Organizations rely on threat intelligence from multiple sources to provide the widest visibility into unknown threats. Unfortunately, ingesting such high volumes of data leaves businesses struggling to aggregate, correlate, validate, and glean insights to share information and enforce protections across their networks. Wildfire quickly detects unknown threats, maintains shared intelligence from a global community, and automatically delivers protections to enforcement points in seconds, alleviating the manual tasks of reversing malware, sifting through large pools of data, and importing intelligence.
Conventional security models operate on the outdated assumption that everything inside an organization’s net- work can be trusted. These models are designed to protect the perimeter. Meanwhile, threats that get inside the net- work go unnoticed and are left free to compromise sensitive, valuable business data. In the digital world, trust is nothing but a vulnerability.
Zero Trust is a cybersecurity strategy that prevents data breaches.
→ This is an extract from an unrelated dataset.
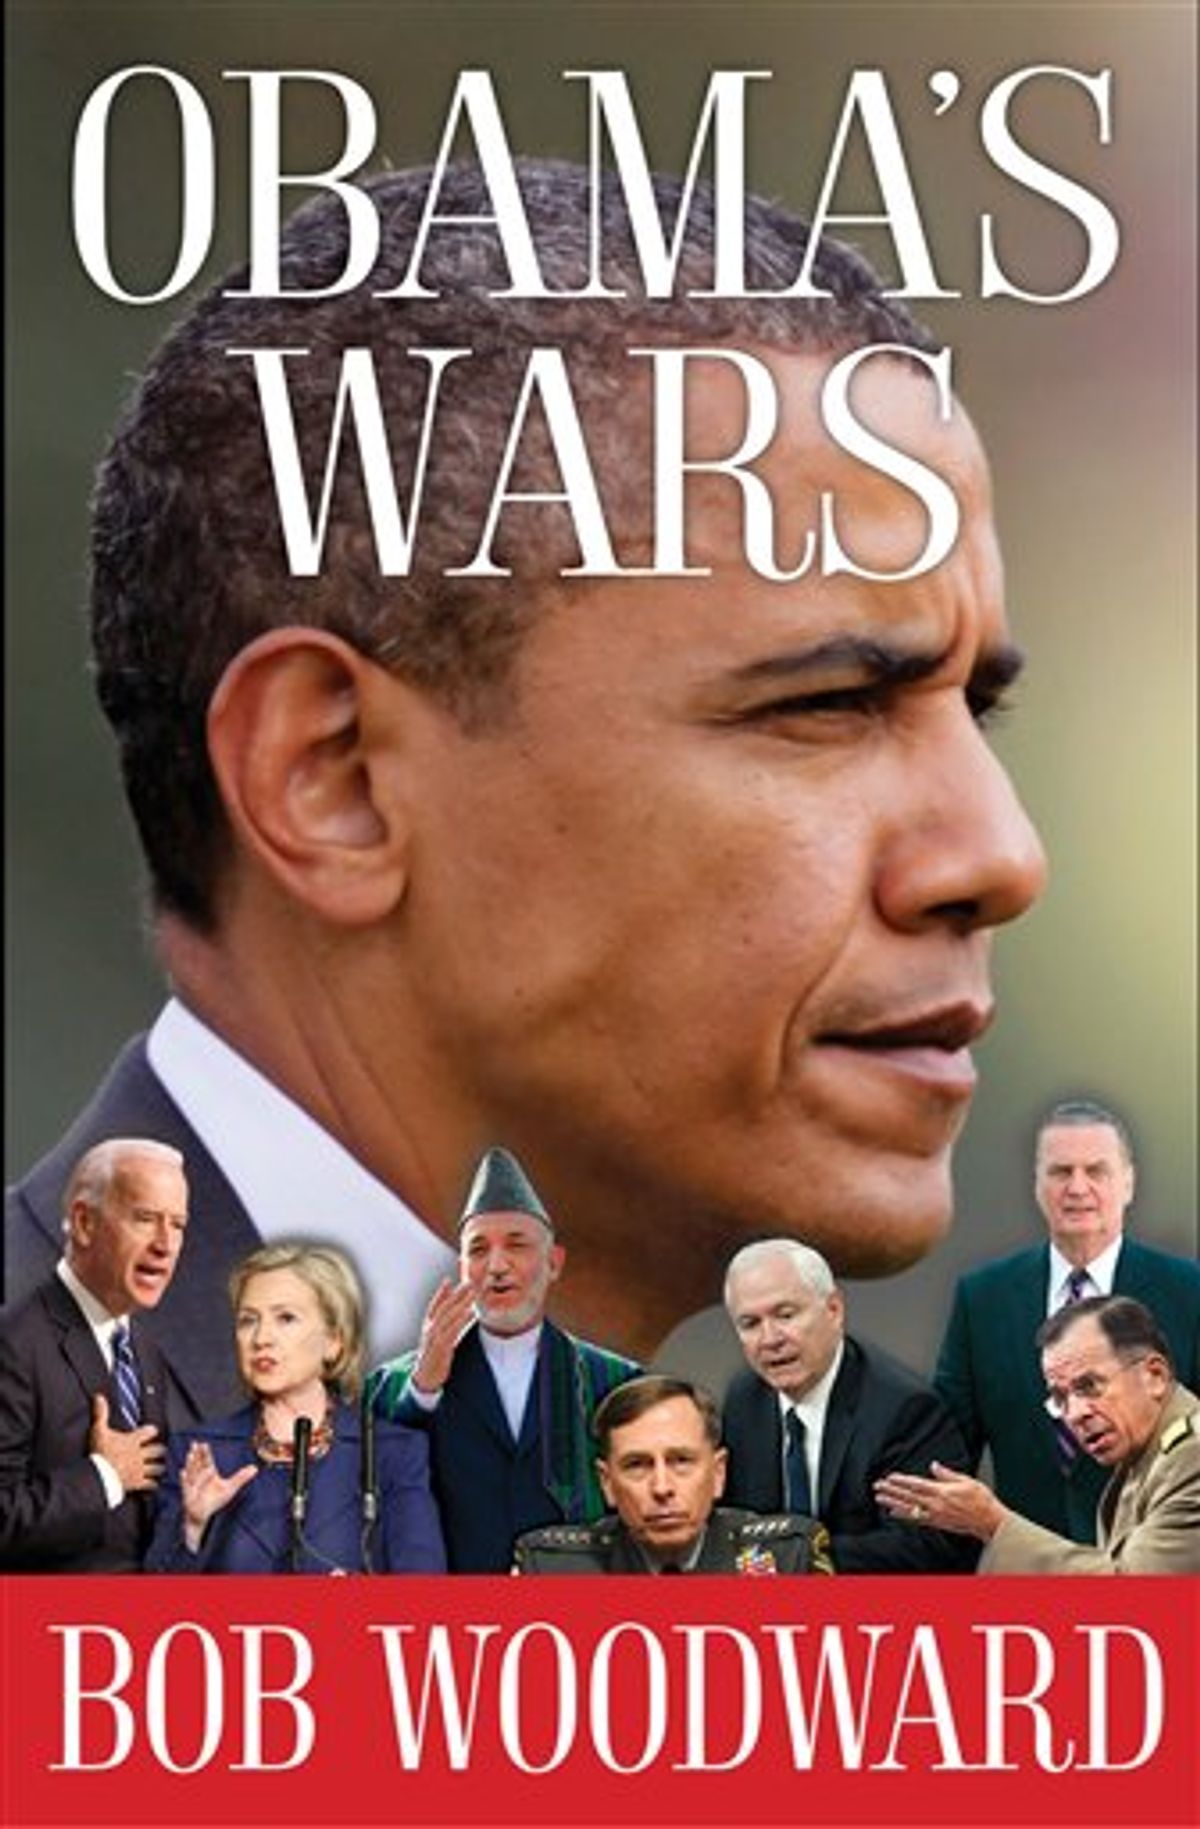 This image provided by Simon &amp; Schuster shows the cover of Bob Woodward's new book, "Obama's Wars". Woodward's latest investigative work will run 441 pages and show Obama "making the critical decisions on the Afghanistan War, the secret war in Pakistan and the worldwide fight against terrorism," Simon &amp; Schuster announced Tuesday Sept. 7, 2010. The book is scheduled to go on sale Sept. 27, 2010. (AP Photo/Simon &amp; Schuster) NO SALES (AP)

In Zero Trust, each step a user makes through the infrastructure must be validated and authenticated across all locations.
Our Next-Generation Firewalls directly align with Zero Trust, including enabling secure access for all users irrespective of location, inspecting all traffic, enforcing policies for least-privileged access control, and detecting and preventing advanced threats. This significantly reduces the pathways for adversaries, whether they are inside or outside your organization, to access your critical assets.
IT teams are stretched to the limit trying to manage today’s complex security deployments. Our Next-Generation Firewalls help by making it easy to manage security as well as visualize and interact with the data. Your administrators can manage individual firewalls through a full-featured, browser-based interface. Whether managing two firewalls or large-scale deployments, you can use management platform to obtain centralized visibility, edit security policies, and automate actions for all your firewalls in any form factor.
Role-based access control (RBAC), combined with pre- and post-rules, allows you to balance centralized supervision with the need for local policy editing and device configuration flexibility. The Application Command Center (ACC) and log management capabilities create a single pane of glass for actionable visibility across multiple devices, no matter where the devices are deployed. Additional support for standards-based tools, such as Simple Network Management Protocol (SNMP) and REST-based APIs, allows for easy integration with management tools you already use.
Protection against the evolving threat landscape often requires new security functions to be introduced Next-Generation Firewalls are built on a single-pass architecture, which offers predictable performance and native integration—features that cannot be attained by layering new capabilities on legacy architecture that still works on IP addresses, ports, and protocols. Our Next-Generation Firewalls perform full-stack, single-pass inspection of all traffic across all ports, providing complete context around the application, associated content, and user identity to form the basis of your security policy decisions. This architecture allows us to add innovative, new capabilities easily—as we’ve already done with WildFire and, more recently, IoT Security.